An unreliable narrator is an untrustworthy storyteller, most often used in narratives with a first-person point of view.
The unreliable narrator is either deliberately deceptive or unintentionally misguided, forcing the reader to question their credibility as a storyteller.
Types of Unreliable Narrators
There several types of unreliable narrators:
- Naive narrator – This narrator is unreliable because of his or her lack of experience. These characters are sometimes children or very inexperienced adults.
- Outsider – This narrator may be new in town or of a different racial or socioeconomic background than the rest of the characters in the story.
- Picaro – A picaro is a narrator who likes to embellish or exaggerate a story. Sometimes these narrators make the best storytellers of all, but readers have to keep their tendency toward hyperbole in mind.
- Insane – A narrator who has lost touch with reality or is otherwise insane can tell a compelling story that may not be reflective of the truth.
- Liar – This type of narrator cheats intentionally. These are rare to encounter, but they tell a nuanced story as the reader must try to sort fact from fiction.
Let us understand unreliable narrators with the help of following examples. These are few classic unreliable narrators from best and known fictions.
Examples of Unreliable Narrators
- Daphne du Maurier, Rebecca. The narrator’s unreliability in this 1938 novel comes from her highly subjective retelling. When Mrs. de Winter talks about her predecessor, the first Mrs. de Winter, and the mystery surrounding her death, it is all speculation, with a touch of jealousy. The reason for her jaded perspective is finally exposed when the tragic truth comes to light.
- Gillian Flynn, Gone Girl. When Amy Dunne takes on the role of the narrator halfway through Gone Girl, it comes as somewhat of a surprise. Readers have spent the first half of the book thinking she is dead thanks to the novel’s first unreliable narrator, Amy’s husband Nick. With two unreliable narrators—Amy and her husband, Nick—Flynn doubles down on the novel’s conflict and dismantles the story’s moral compass.
- Pi Patel in The Life of Pi. The Life of Pi by Yann Martel also features an unreliable narrator. Stranded at sea, Pi Patel must divorce himself from reality in order to survive. As he tells the story of his voyage, he alters events in a way that allows him to process what has happened. In the end, the reader learns the true story and must reconcile the differences.
- A real life example: A classic example of an unreliable narrator who is a liar. The reader knows Alex is a sociopath, and he is narrating the story while drunk. In addition, he has misbeliefs of grandeur that are obviously not part of the reality shared by most people.
Ways to Create Unreliable Narrator
Now in order to incorporate an unreliable narrator in the story, let us work on the following tips:
- Keep the reader in dark. Readers are used to have more information than the characters. Try to change the scenario by withholding certain information from the readers and see how the story is framed eventually.

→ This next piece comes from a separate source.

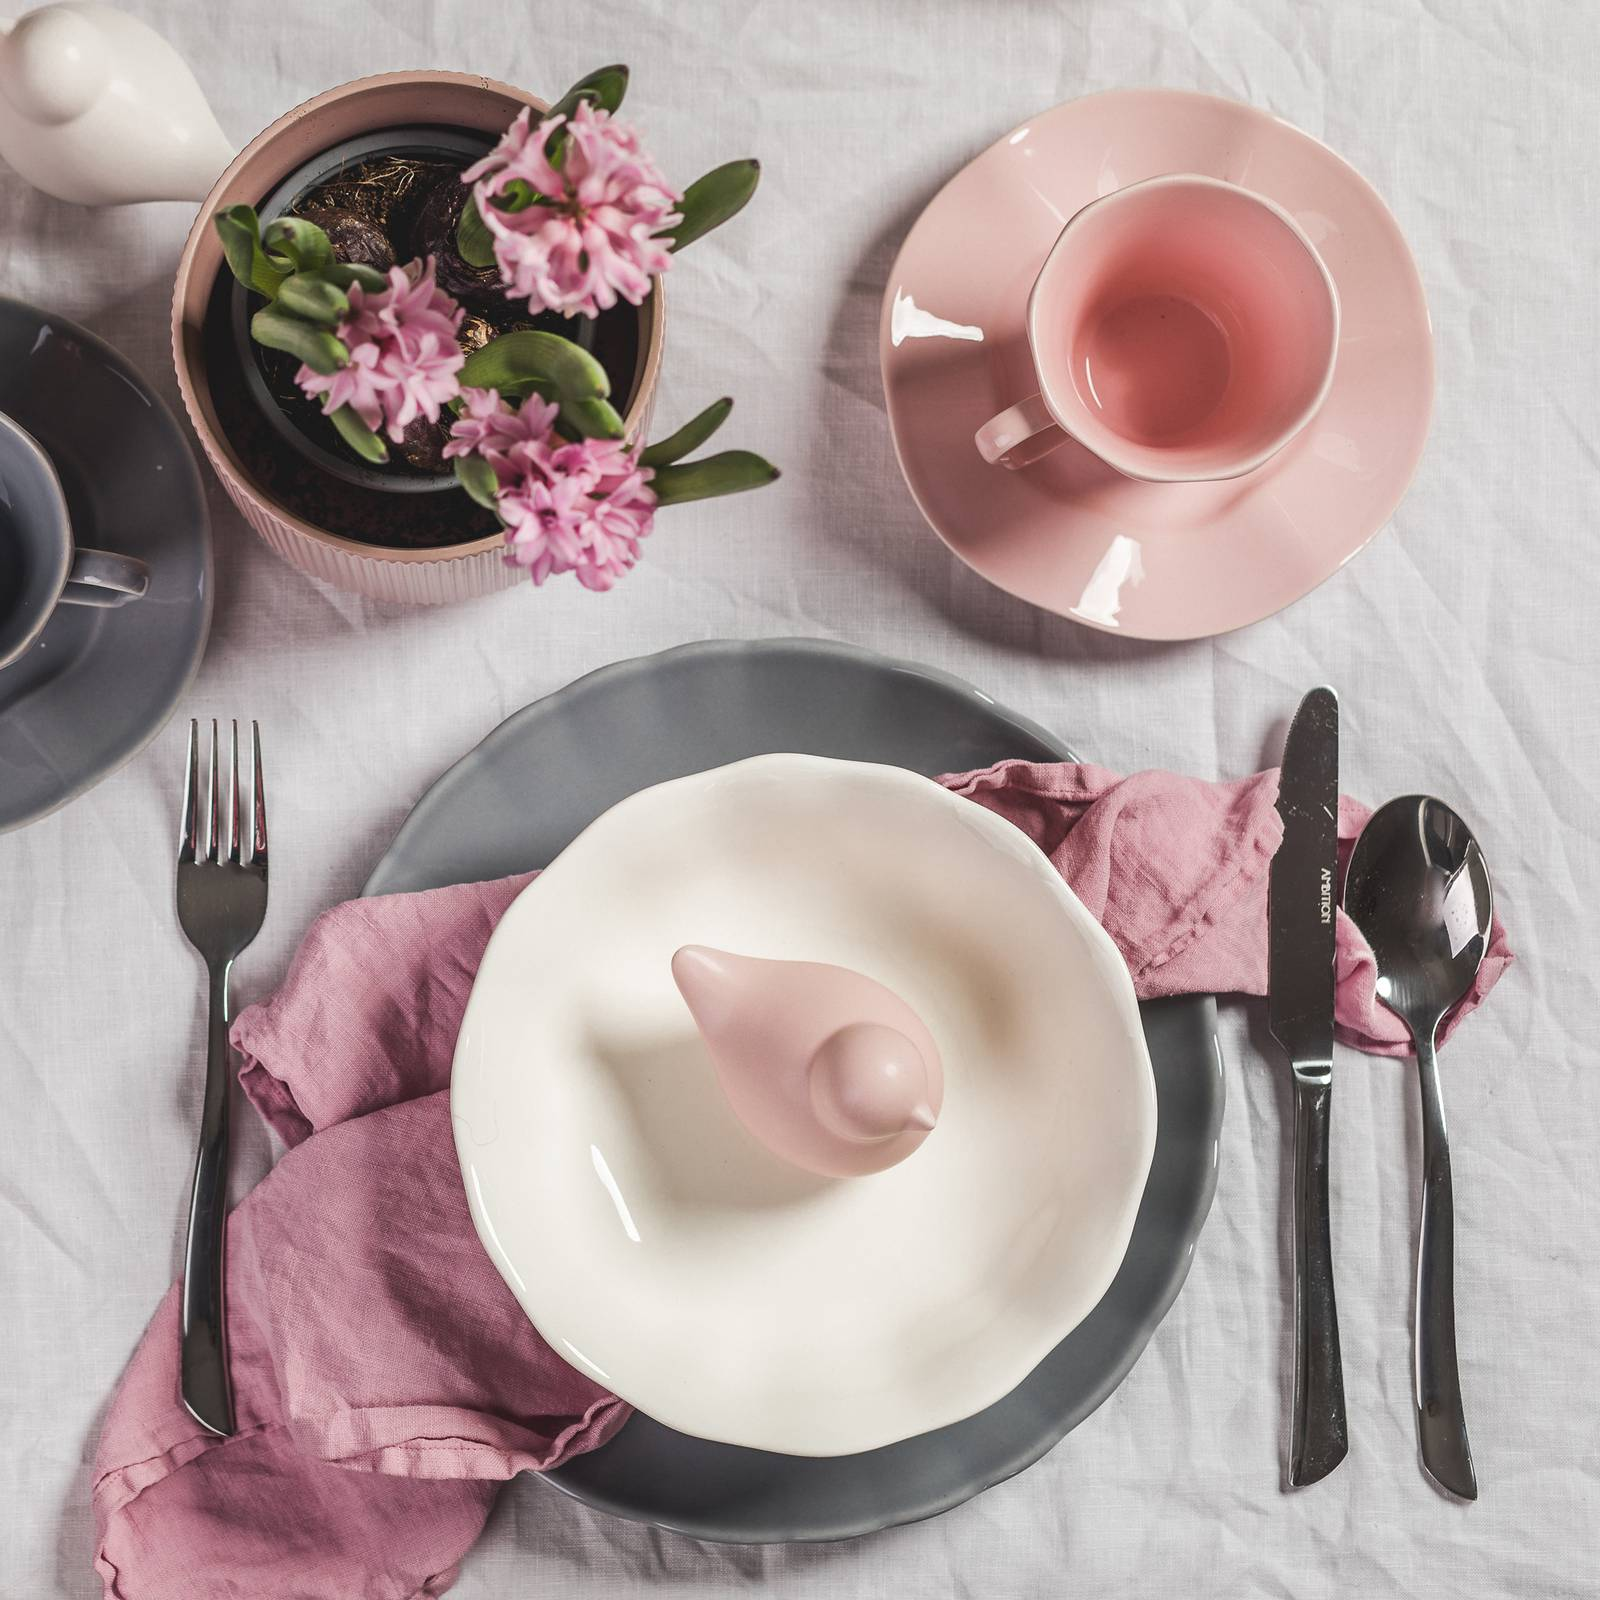 Salaterka / Talerz do zupy Diana Rustic Cream 19 cm AMBITION

- Your narrator should be unreliable from the start. People are inherently unreliable when telling a story since their point of view is filtered through their experience and beliefs. Your narrator won’t suddenly become unreliable, so hint at any qualities that might compromise them and their story early on.
- Experiment with just a pinch of unreliability by giving the readers misinformation and unreliable moments to make them slightly flawed—and thus, more believable.
Let other characters be a sounding board. Picture a story with many narrators. Many views will reflect on single tragedy, resulting non alignment of stories. Every character version gets filtered through their own lens. While you don’t need many perspectives in story, hence use other characters to reflect inconsistencies in your narrator’s story.